To make their wildfire visualization as real as possible, the researchers worked closely with local fire experts.
"I was trying to make sure they depicted wildfires as accurately as possible," said Wil Kitchings of the Florida Division of Forestry. "I was interested, really, to see what kind of things went into it, as far as weather parameters and landscapes."
"They came to us as experts on vegetative communities in Florida and on the visual component of the program that they were building," said Alaina Bernard, land manager for UCF. She helped the researchers learn about "prescribed burning and wildfire vernacular."
Nature and problem solving
Fiore said the merging of disciplines is necessary to tackle the complex medical, social and environmental problems the world faces.
"One of my favorite quotes is, 'The way nature has divided up its problems is not the same way universities have divided up their departments,'" said Fiore. "If you want to solve problems in the real world, you need to take a multidisciplinary approach, look at it from different lenses, and try to more fully illuminate that problem."
Rutström said working with different departments has been eye-opening.
"We all thought in the beginning that this was so easy, we divided up the tasks, we structured our environment and we all went off to our individual offices and closed the door and started working," she said. "And then we met again and it turned out we hadn't done at all what the other person thought we were going to do! So, it took us awhile before we understood each other."
Additional applications
Virtual reality and mixed reality (the blending of virtual content with real content) are now being used in a wide range of scientific applications, including a growing number of medical therapies.
"We received an NSF grant to use mixed reality for physical rehabilitation of patients following debilitating strokes," said Hughes.
Programs have been designed to help individuals build up physical strength after strokes or brain injuries. Some of those applications still require the classic "head mounted devices" associated with virtual reality, but that hardware is getting cheaper and smaller. Commodity 3-D glasses are beginning to replace the large, bulky headgear. That, said Hughes, could make these tools available for therapists, doctors and rehab centers.
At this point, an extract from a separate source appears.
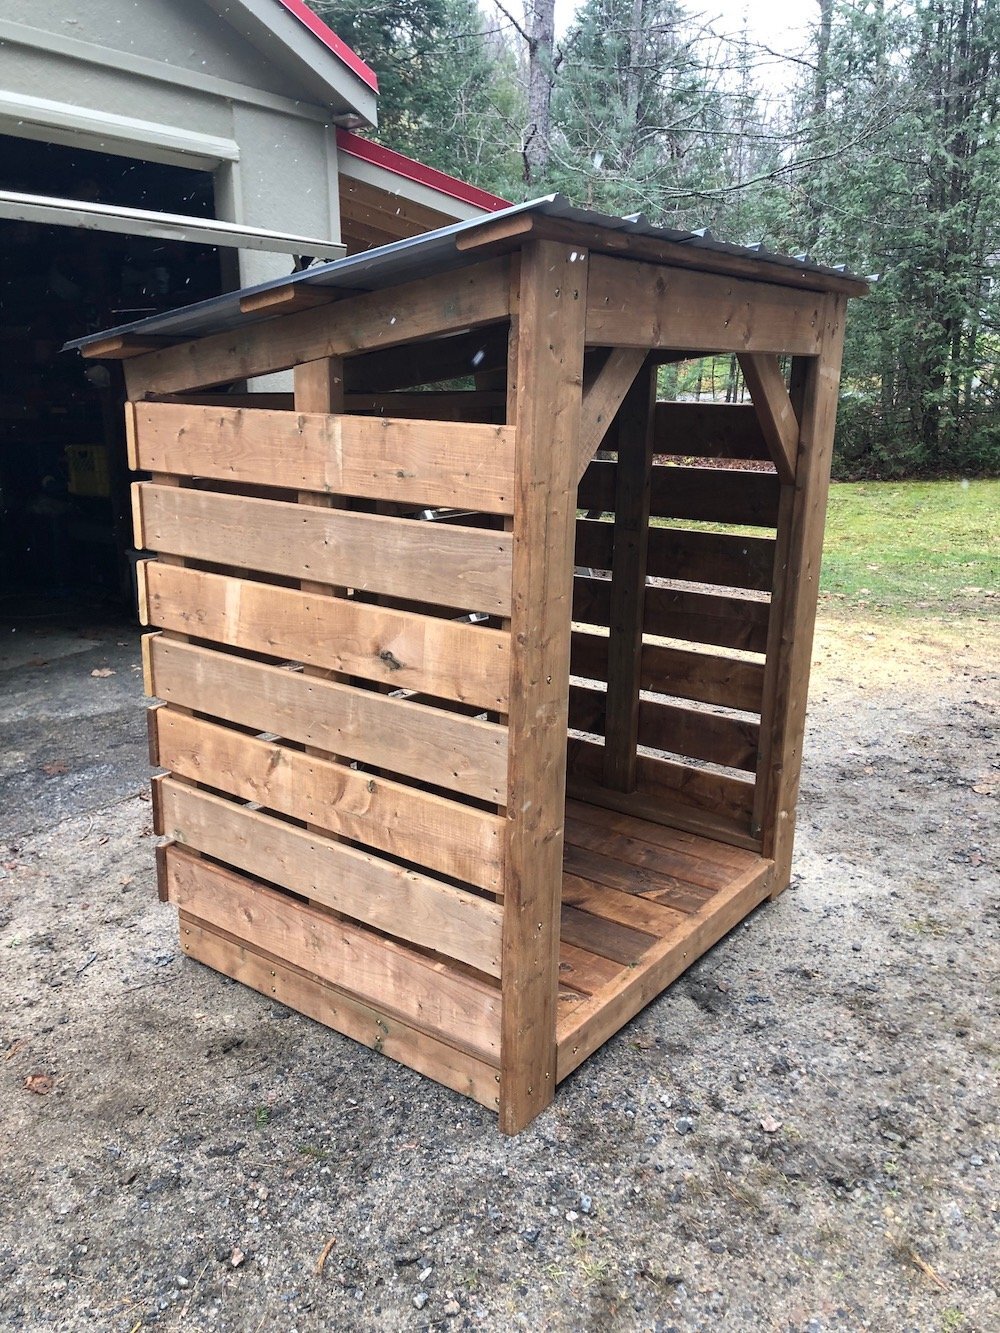 Small Fire Wood Storage Shelter? - Storage Rack Solutions

Also at the MCL is "The Everglades Project," another NSF-funded effort that looks at how technology can enhance museum exhibits.
"A museum isn't compulsory learning; nobody tells me I have to go and I have to learn this," said Eileen Smith, associate director of the MCL. "It's free choice, so you have to look at, 'How do we use the technology so that it has the desired learning impact on the target audience?'"
Some of the exhibits in the Everglades project will offer multi-touch technology, which is somewhat like using two fingers to enlarge or decrease the size of text or photos on an iPhone®, but on a bigger scale. The project, "Water's Journey Through the Everglades," opens at the Museum of Discovery and Science in Ft. Lauderdale in about 18 months.